Chris Wallace, who interviewed him, said that he threatened to fire his staff.
He was still exploding, walking out of there.
Said if he ever got set up like that again, it'd be the end of them.
This didn't go the way Clinton wanted.
Besides, this doesn't inoculate Democrats.
I haven't seen any Democrats come out and defend him.
I don't know what this means.
Inoculate Democrats?
Are you trying to take the heat off them?
Nothing's going to take the heat off them.
This wasn't even about the Democrats.
This is about Bill Clinton.
I think there are a lot of people trying to be the smartest people in the room out there and come up with opinions I think nobody else is going to have.
But this was no grand strategy.
This was an unmasking.
This was, I think, all the more so.
And though Clinton had to know he was going to get this question at some point if he goes on a Sunday morning.
Well, maybe he doesn't.
Maybe he thinks he's going to get pampered by Fox because Murdoch's going to take care of him since Murdoch donated money to his world forum.
Anyway, Kelly in Montclair, New Jersey.
You're next.
Nice to have you with us.
Hello.
Hi, Rush.
How are you?
Fine.
Thank you.
Good.
This is my question.
Where in the Constitution does it state that the CIA needs to certify anything before the president can decide to send troops into battle?
Well, it's not that.
It's to assassinate somebody who is high up, maybe a president or foreign leader.

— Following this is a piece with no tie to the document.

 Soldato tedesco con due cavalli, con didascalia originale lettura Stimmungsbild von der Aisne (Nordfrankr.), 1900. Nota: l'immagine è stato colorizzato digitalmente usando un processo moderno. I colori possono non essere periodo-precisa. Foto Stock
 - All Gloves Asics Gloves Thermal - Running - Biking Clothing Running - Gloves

In the emasculation of the CIA by the Church Commission in 1975, the CIA is not allowed to assassinate anybody without a presidential finding or which doesn't really explain his later comment that he had a contract out on bin Laden or anything.
Well, yeah, contract.
He had certified the death, but that's not true either because all of these CIA agents who on a couple of occasions called the White House, the National Security Council, said, We got bin Laden in our sights.
Can we go get him?
Clinton wouldn't answer.
The story is, and this is from the guy, Buzz Peterson, who carried the nuclear football for Clinton for a couple years.

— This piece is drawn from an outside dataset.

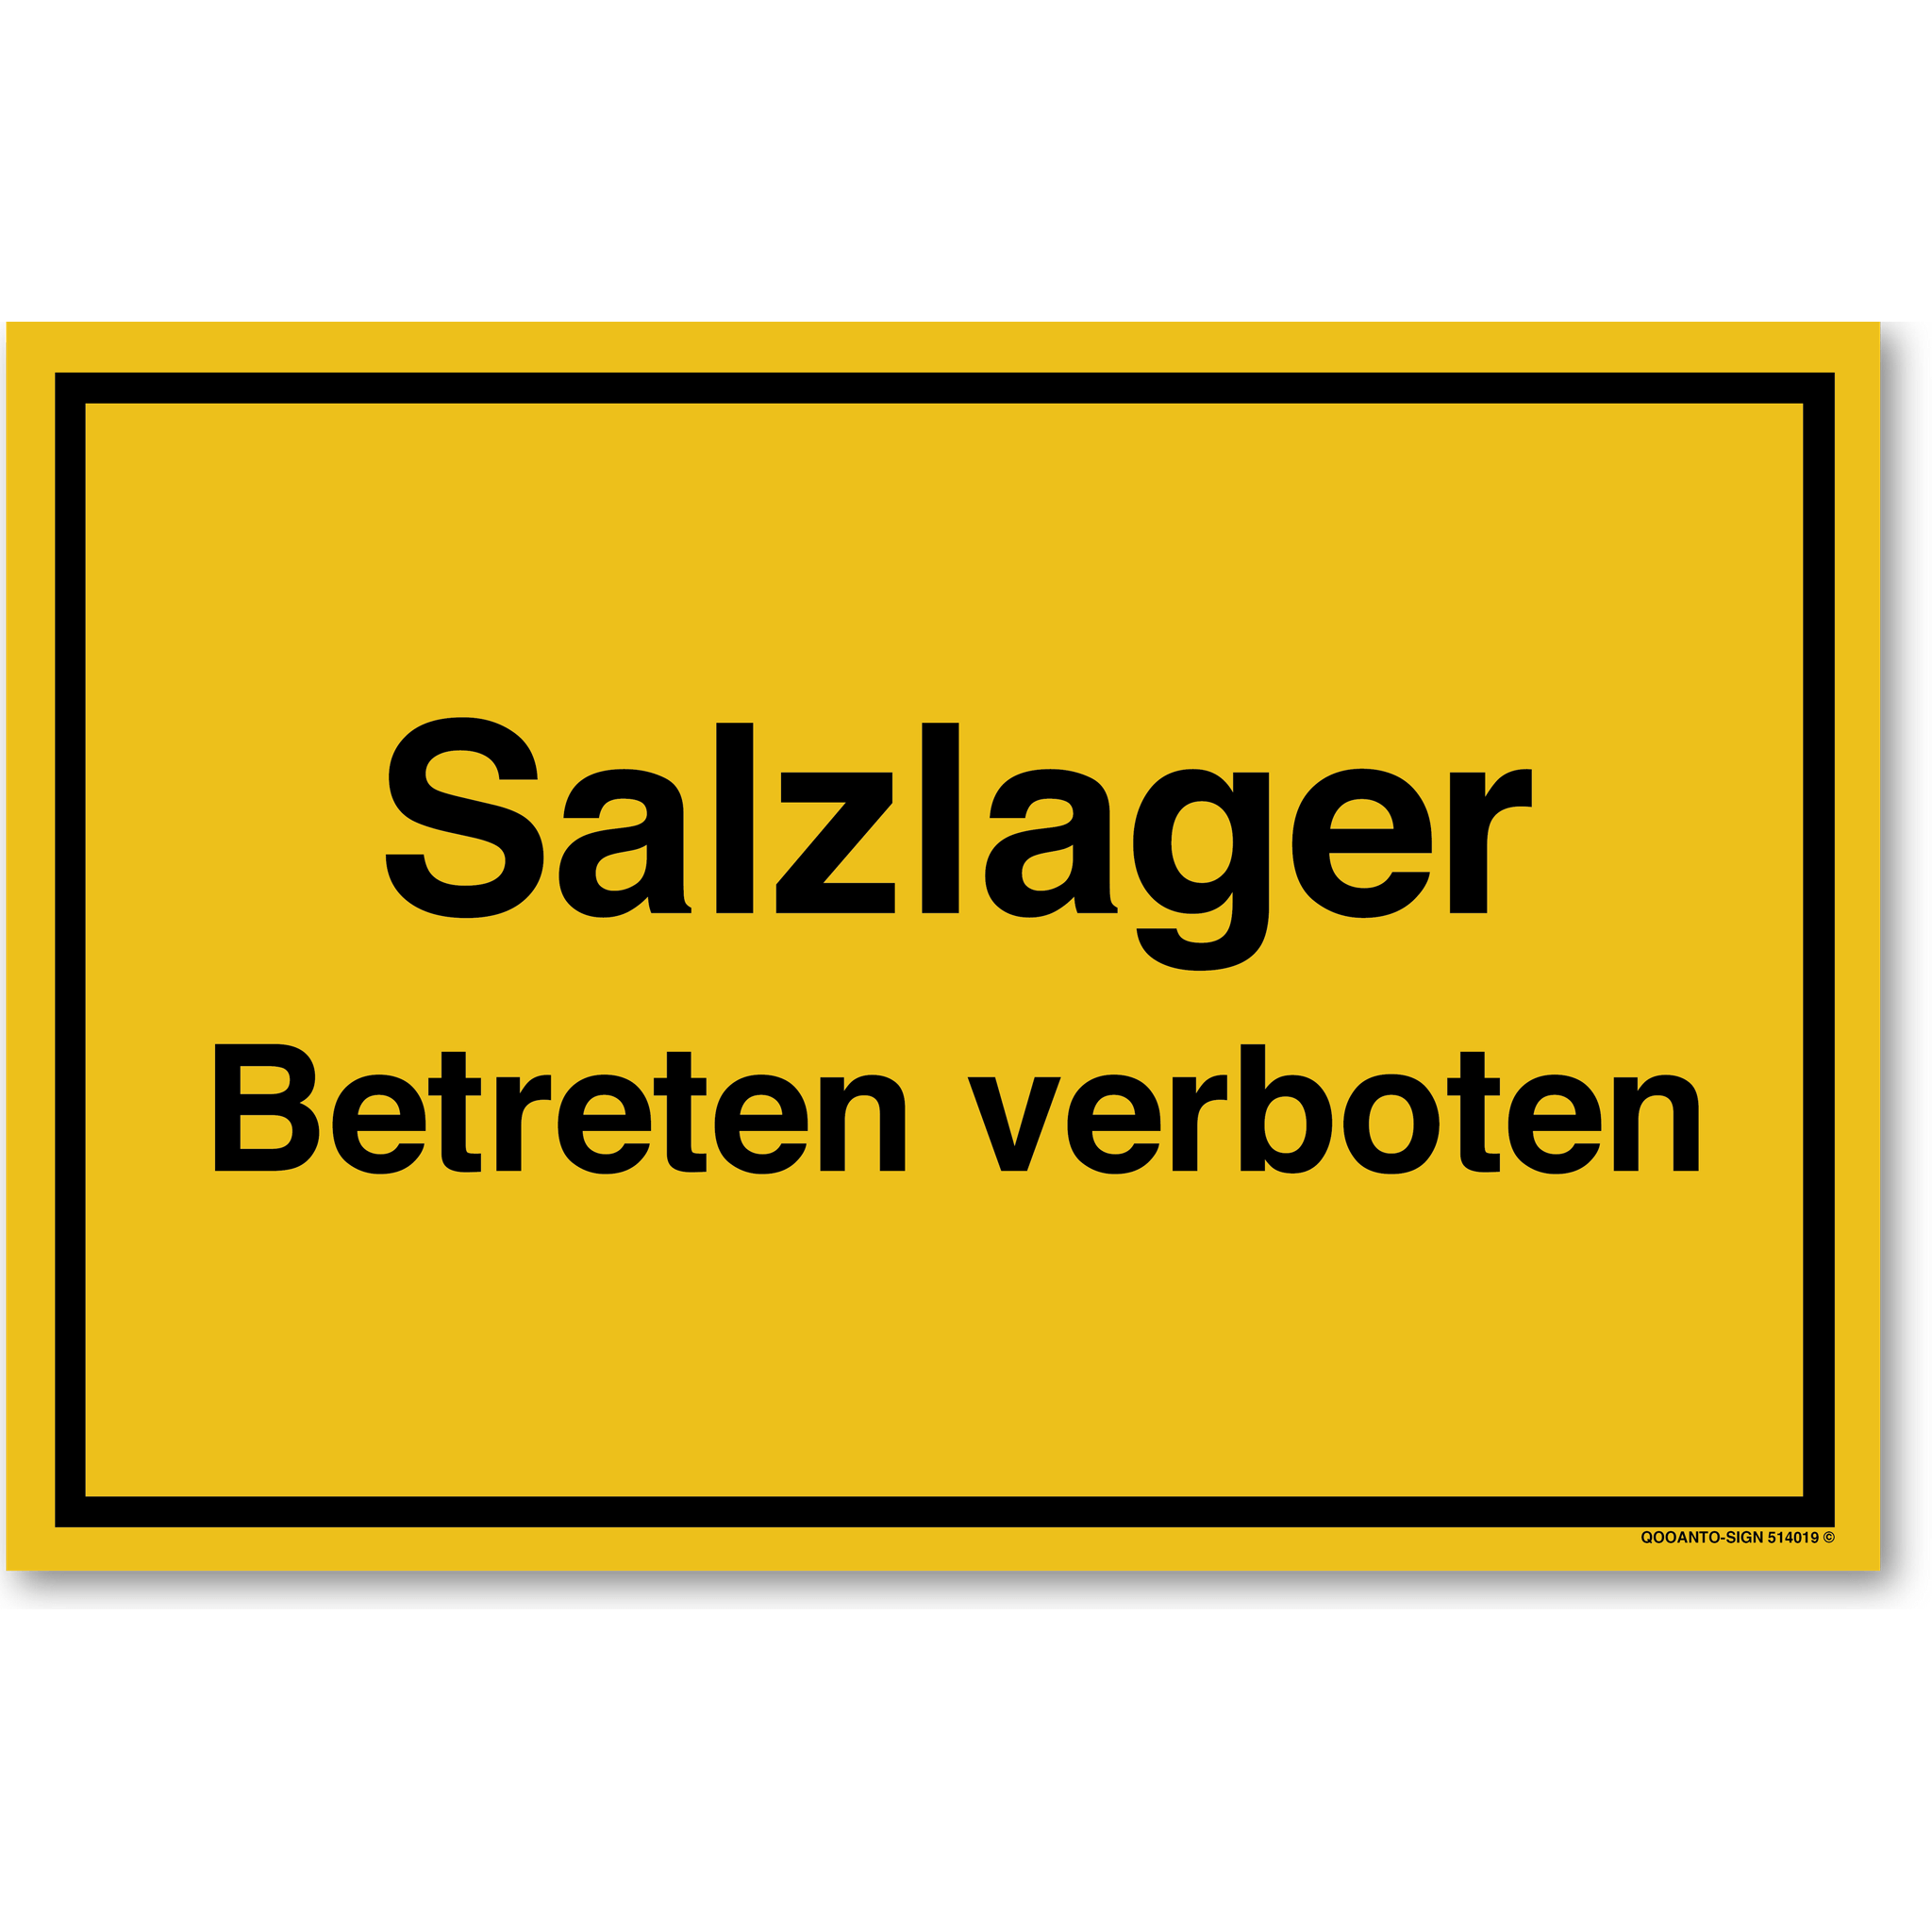 Salzlager Betreten verboten, gelb, Schild

Sandy Berger would call Clinton saying, we got bin Laden in our sights.
Can we go take him out?
Clinton wouldn't answer the phone when he saw, and he knew what was being worked on.
He wouldn't answer the phone when he saw it was from Berger.
He was at a golf club once.
Other times, he would return the call after the window of opportunity had passed.
This is from somebody who was with Bill Clinton saying this.
This is really, I know it's funny to some people, but we elected a pathological liar to be president of the United States.
So we are paying dearly for it now in this whole war on terror.
We had eight years to gin up and be serious about this, and we never got there.
And now the one guy who's elected 9-11 happens and has to take this seriously is being pilloried.
They're trying to destroy him and his presidency.
They want to impeach him if they win the House in November.
They want to pull us out of Iraq.
They want to compound the problems.
That's why this is really serious stuff.
We've got an administration trying to clean up a whole lot of messes that this other bunch left.
And it's really serious times.
I think more and more people are going to come to realize this as time goes on.
He didn't want to deal with Bin Laden.
He didn't want to take bin Laden as a prisoner in this country.
Didn't think that there were legal reasons to hold him.
He says that's not true.
Didn't want the political pressure.
Didn't want the pressure, downward pressure on his approval numbers.
There are a number of people, Shire, Monsieur Izaz, who say that Clinton was offered bin Laden a couple times.
Clinton even admitted it in a little speech out in Long Island.